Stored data
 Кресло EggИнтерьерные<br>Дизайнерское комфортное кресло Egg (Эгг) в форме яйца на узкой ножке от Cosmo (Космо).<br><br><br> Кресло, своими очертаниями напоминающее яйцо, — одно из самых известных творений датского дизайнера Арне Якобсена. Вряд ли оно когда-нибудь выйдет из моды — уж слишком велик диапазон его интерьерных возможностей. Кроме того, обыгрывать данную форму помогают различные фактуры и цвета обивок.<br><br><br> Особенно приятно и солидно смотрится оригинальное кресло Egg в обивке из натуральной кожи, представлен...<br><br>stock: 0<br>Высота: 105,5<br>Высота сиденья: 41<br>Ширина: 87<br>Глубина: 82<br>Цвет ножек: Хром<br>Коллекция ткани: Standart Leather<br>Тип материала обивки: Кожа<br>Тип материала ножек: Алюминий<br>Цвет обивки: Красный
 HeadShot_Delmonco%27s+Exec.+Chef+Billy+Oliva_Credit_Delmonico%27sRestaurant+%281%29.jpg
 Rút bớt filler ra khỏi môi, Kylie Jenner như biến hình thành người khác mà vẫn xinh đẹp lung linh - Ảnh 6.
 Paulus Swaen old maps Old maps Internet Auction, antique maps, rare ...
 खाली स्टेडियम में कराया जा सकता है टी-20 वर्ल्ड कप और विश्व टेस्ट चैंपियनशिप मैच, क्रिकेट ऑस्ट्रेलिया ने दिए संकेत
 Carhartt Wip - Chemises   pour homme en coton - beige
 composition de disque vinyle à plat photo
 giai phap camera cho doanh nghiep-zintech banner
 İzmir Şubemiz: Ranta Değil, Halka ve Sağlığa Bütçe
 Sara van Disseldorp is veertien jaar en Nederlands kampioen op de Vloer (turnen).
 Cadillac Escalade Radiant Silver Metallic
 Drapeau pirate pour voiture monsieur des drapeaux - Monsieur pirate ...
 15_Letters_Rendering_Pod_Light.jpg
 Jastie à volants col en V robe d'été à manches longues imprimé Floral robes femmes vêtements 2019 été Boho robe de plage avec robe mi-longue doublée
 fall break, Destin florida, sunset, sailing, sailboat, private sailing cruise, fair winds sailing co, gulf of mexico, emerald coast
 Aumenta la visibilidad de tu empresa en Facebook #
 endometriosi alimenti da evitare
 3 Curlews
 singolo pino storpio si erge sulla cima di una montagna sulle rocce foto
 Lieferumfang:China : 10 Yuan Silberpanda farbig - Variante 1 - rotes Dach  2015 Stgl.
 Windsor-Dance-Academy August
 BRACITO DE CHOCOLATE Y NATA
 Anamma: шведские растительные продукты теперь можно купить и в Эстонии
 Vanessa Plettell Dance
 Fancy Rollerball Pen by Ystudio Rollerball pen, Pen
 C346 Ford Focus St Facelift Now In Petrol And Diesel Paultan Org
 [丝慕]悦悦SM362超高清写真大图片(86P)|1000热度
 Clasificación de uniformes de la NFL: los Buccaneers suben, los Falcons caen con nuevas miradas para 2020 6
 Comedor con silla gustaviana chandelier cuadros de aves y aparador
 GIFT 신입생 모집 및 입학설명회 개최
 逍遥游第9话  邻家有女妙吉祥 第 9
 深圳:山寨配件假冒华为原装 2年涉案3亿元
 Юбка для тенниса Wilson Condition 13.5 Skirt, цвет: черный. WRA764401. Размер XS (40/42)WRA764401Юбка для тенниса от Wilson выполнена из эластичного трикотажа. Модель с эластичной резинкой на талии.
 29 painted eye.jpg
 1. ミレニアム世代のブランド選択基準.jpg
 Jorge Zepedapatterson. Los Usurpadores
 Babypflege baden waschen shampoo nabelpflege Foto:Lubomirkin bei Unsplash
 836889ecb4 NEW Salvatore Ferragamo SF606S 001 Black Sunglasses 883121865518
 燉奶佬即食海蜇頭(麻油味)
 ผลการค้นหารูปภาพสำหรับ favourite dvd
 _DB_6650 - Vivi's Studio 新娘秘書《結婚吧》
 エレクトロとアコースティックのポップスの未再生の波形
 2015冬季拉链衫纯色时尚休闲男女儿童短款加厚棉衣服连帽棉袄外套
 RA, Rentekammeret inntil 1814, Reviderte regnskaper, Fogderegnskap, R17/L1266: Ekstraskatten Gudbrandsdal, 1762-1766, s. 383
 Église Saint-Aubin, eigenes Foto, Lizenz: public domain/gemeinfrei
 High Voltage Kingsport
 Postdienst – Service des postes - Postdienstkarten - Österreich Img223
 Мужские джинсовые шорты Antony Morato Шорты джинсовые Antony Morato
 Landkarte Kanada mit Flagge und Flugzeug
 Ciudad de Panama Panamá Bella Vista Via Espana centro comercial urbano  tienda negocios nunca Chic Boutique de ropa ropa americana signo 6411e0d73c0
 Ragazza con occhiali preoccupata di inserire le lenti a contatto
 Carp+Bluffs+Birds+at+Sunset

# Work to complete:
Output the lines of the records above exactly as they appear, from the line containing "Lieferumfang:China : 10" through the line containing "Jorge Zepedapatterson. Los Usurpadores".

# Response:
 Lieferumfang:China : 10 Yuan Silberpanda farbig - Variante 1 - rotes Dach  2015 Stgl.
 Windsor-Dance-Academy August
 BRACITO DE CHOCOLATE Y NATA
 Anamma: шведские растительные продукты теперь можно купить и в Эстонии
 Vanessa Plettell Dance
 Fancy Rollerball Pen by Ystudio Rollerball pen, Pen
 C346 Ford Focus St Facelift Now In Petrol And Diesel Paultan Org
 [丝慕]悦悦SM362超高清写真大图片(86P)|1000热度
 Clasificación de uniformes de la NFL: los Buccaneers suben, los Falcons caen con nuevas miradas para 2020 6
 Comedor con silla gustaviana chandelier cuadros de aves y aparador
 GIFT 신입생 모집 및 입학설명회 개최
 逍遥游第9话  邻家有女妙吉祥 第 9
 深圳:山寨配件假冒华为原装 2年涉案3亿元
 Юбка для тенниса Wilson Condition 13.5 Skirt, цвет: черный. WRA764401. Размер XS (40/42)WRA764401Юбка для тенниса от Wilson выполнена из эластичного трикотажа. Модель с эластичной резинкой на талии.
 29 painted eye.jpg
 1. ミレニアム世代のブランド選択基準.jpg
 Jorge Zepedapatterson. Los Usurpadores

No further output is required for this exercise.